Very few eggs will have been laid yet, but March is the month when finding a mate is top priority. That’s what all the singing is about of course.

Sometimes it’s easy to assume that all birds go about it in the traditional way.

We’ve all seen it on telly - brightly coloured males strutting their stuff, shouting their heads off and basically doing all that they can to impress the females, who actually do the choosing.

The canniest females get the fittest males, but in the end everyone is paired off, builds a nest and lives happily ever after.

Some colonial nesting birds take fidelity to the extreme by meeting up with the same partner at the nest-site every spring, having not seen each other all year.

The gannets, puffins and guillemots of Bempton Cliffs fit into this category.

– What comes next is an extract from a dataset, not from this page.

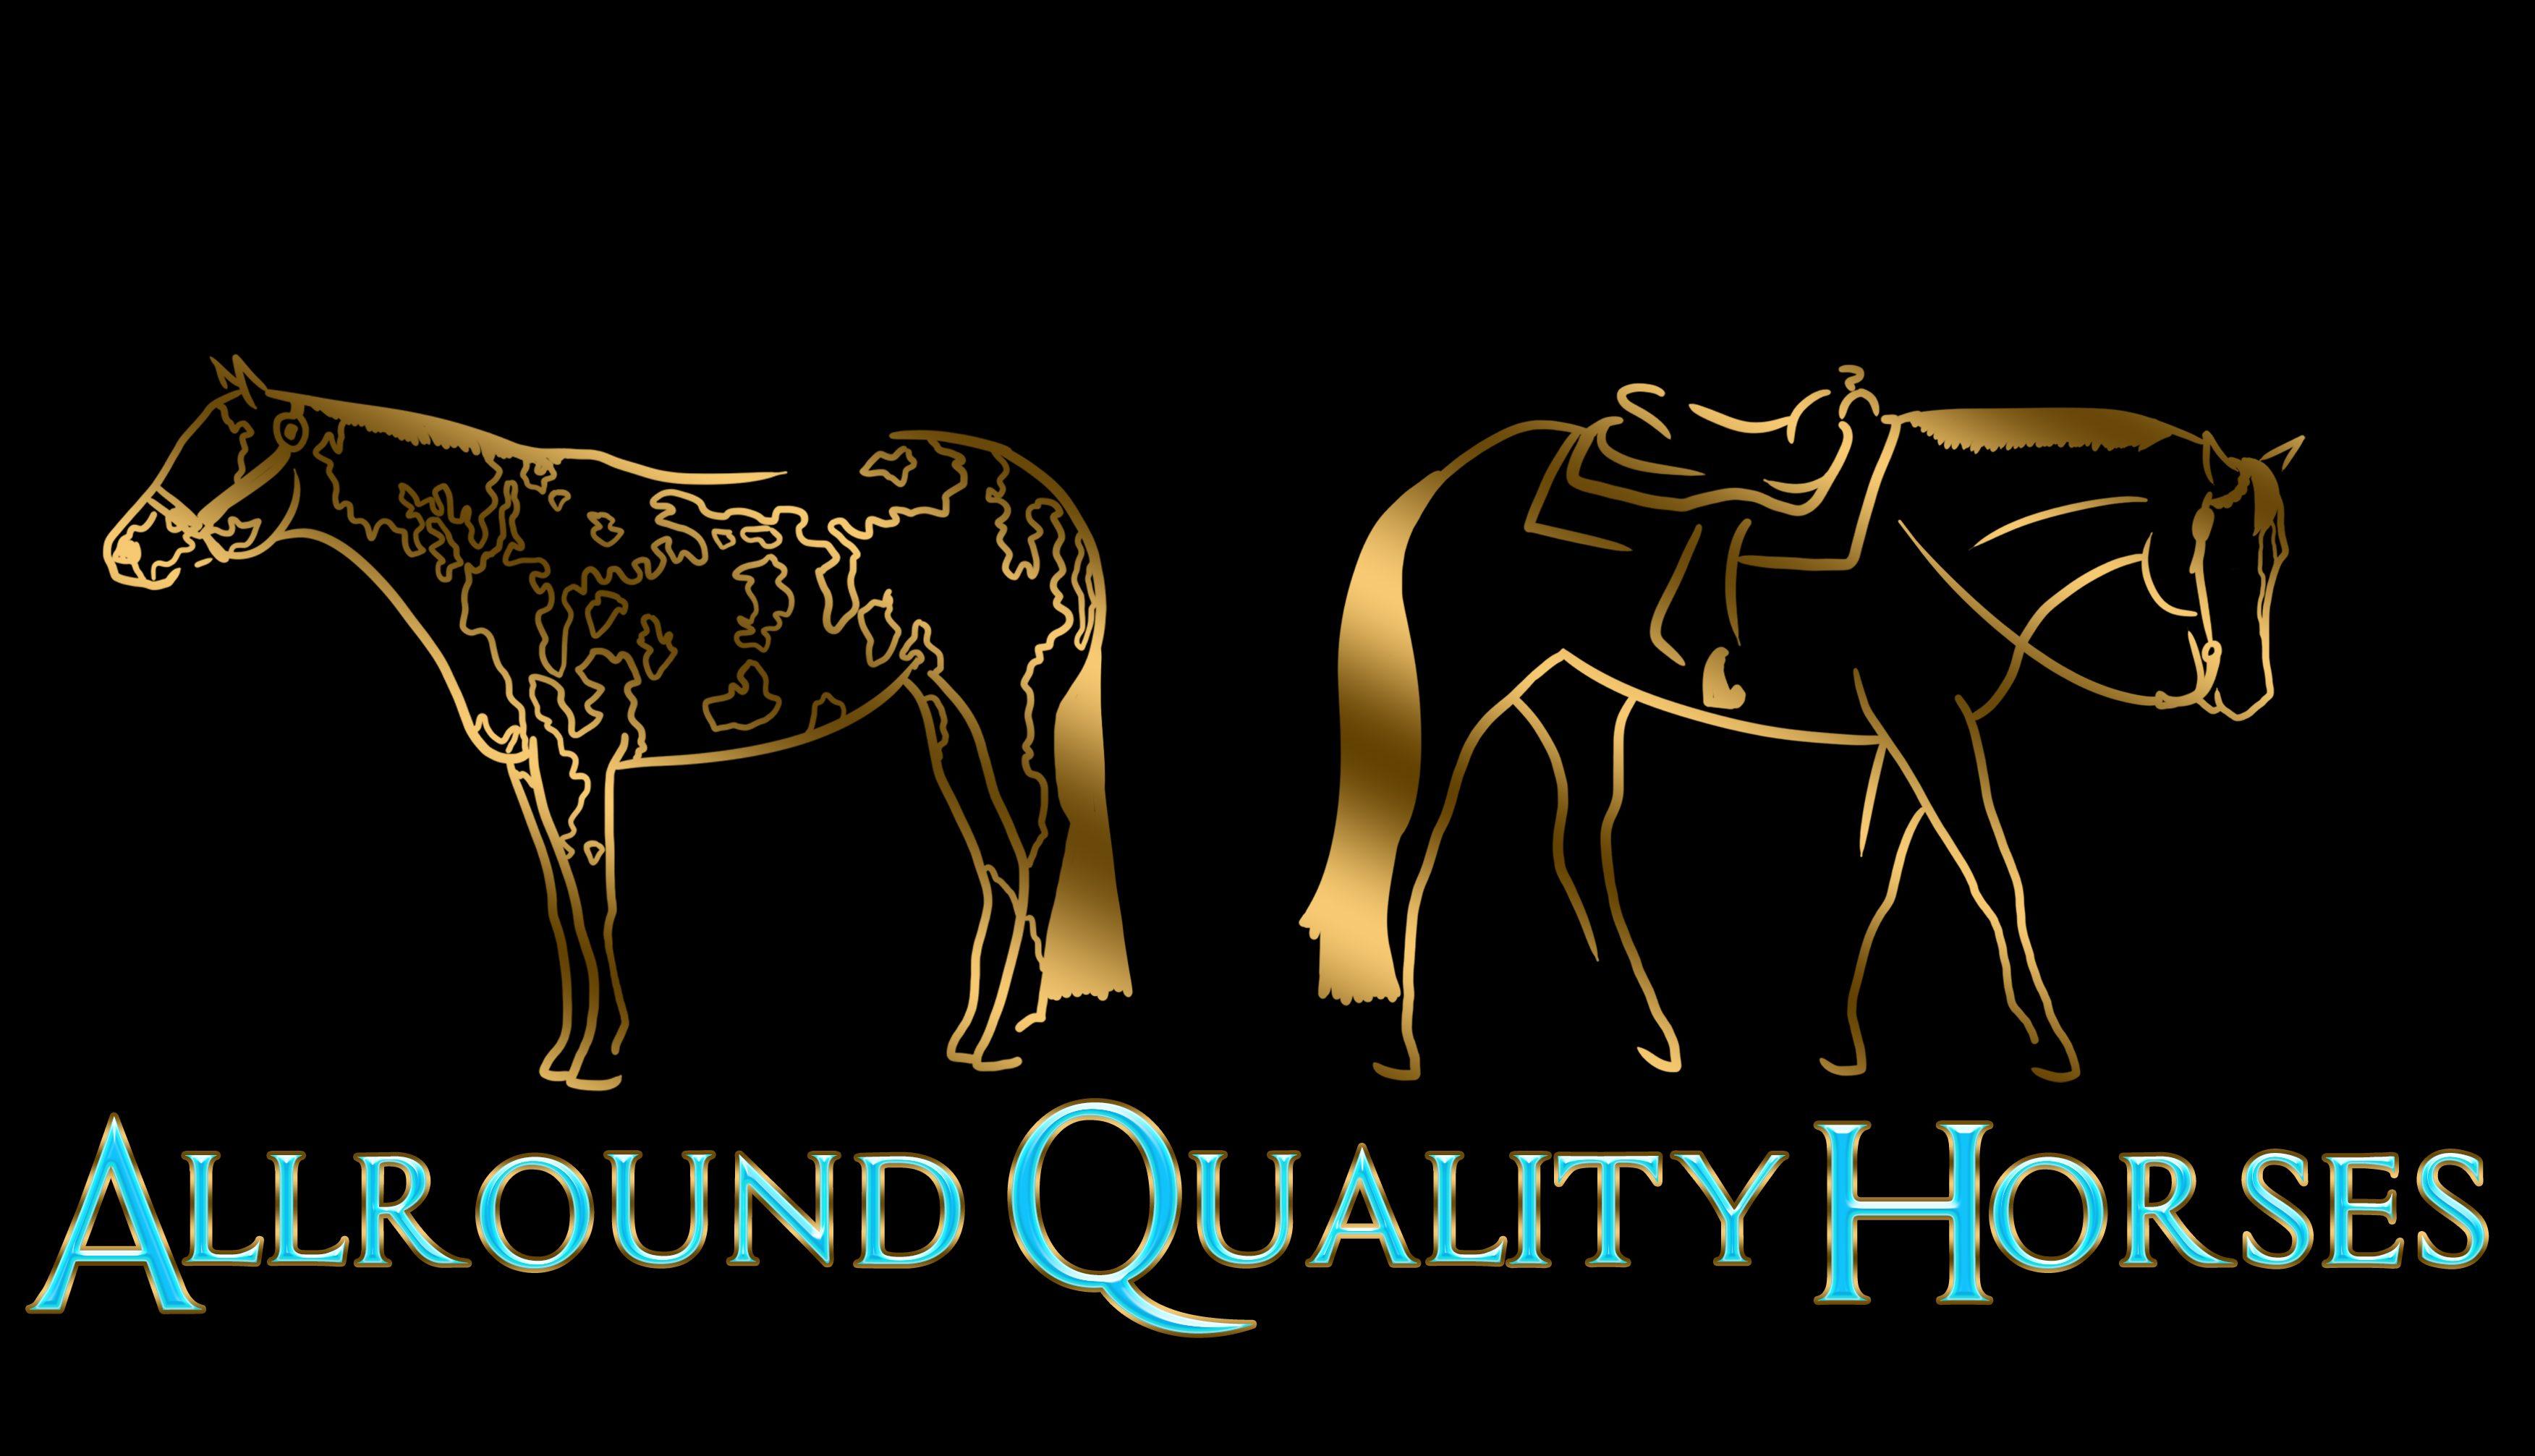 Allround Quality Horses

Mute swans and bullfinches actually stick together as married couples all year round.

Yes, the monogamous state of affairs is what goes on from 92 per cent of bird species, but from me it’s the remaining eight per cent that are really interesting.

Red grouse are familiar birds of the heather moors of Ryedale, but we used to have another related species breeding in our region as well.

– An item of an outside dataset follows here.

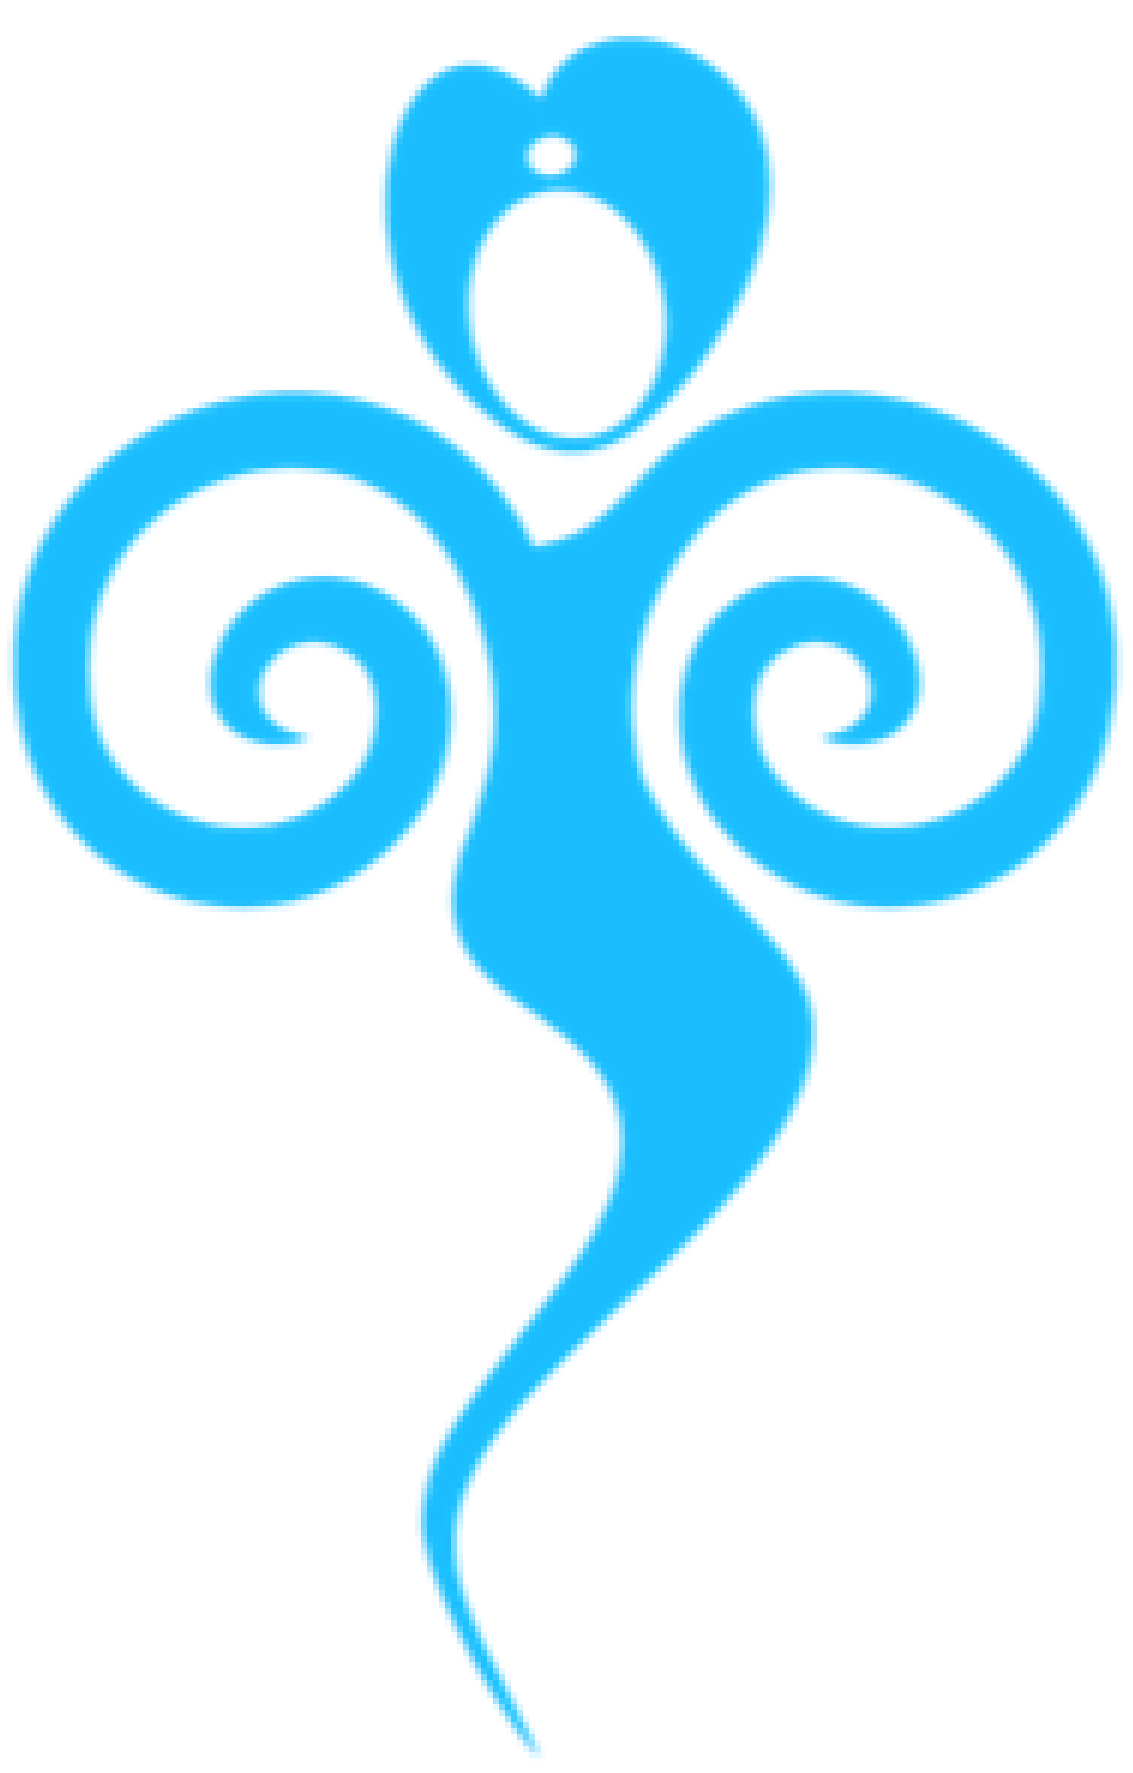 logoscopic-icon

Nowadays the black grouse’s nearest range to us is in the Yorkshire Dales where their spectacular mating displays can still be seen.

All the male black grouse in an area get together in an “arena” and put on a competitive display called a lek, with an audience of interested females.

The top two or three males eventually get to mate with all the females and all the others go without.

After all their efforts, the males are exhausted of course so leave all the ensuring nursery work to the females.

The ruff is wading bird which also uses the lek system but some male birds have found a way to cheat.

Most male ruffs have an ornate and colourful collar of feathers for use in the lekking displays (hence the name) but one or two don’t.

They look remarkably like the female of the species (called a reeve) which allows them to infiltrate the audience of the lek alongside the females.

When the proper males are all posturing, leaping and fighting and suitably distracted, the lady-boy ruffs take the opportunity to sneak in and mate with any interested females in the audience.

I wish we could see this ruff soap-opera going on in Ryedale, but their nearest breeding area to us is in East Anglia.

Ruffs do turn up here on migration though; only last month they were seen at Filey Dams and Wheldrake Ings near Pocklington.

Of course, it’s not just male birds that are prone to cheating. Everyone is familiar with the female cuckoo’s cheeky get-someone-else-to-look-after-your-kids trick.

But, did you know that some other birds do the same thing, not with foster parents of another species, but others of their own kind – and it’s happening in your garden.

House sparrows, starlings and pigeons are common culprits, with females often dropping a sneaky egg into a neighbour’s nest to save on their own house work.

Let’s finish with the hero of the piece though - the wren.

Male wrens are polygamous, defending a territory with up to four mates.

He single-handedly builds all four nests and, unlike some species where the male abandons the female to do all the childcare, he sticks around and helps to feed all his offspring.

Female wrens can lay up to eight eggs so that’s 32 hungry mouths to fill.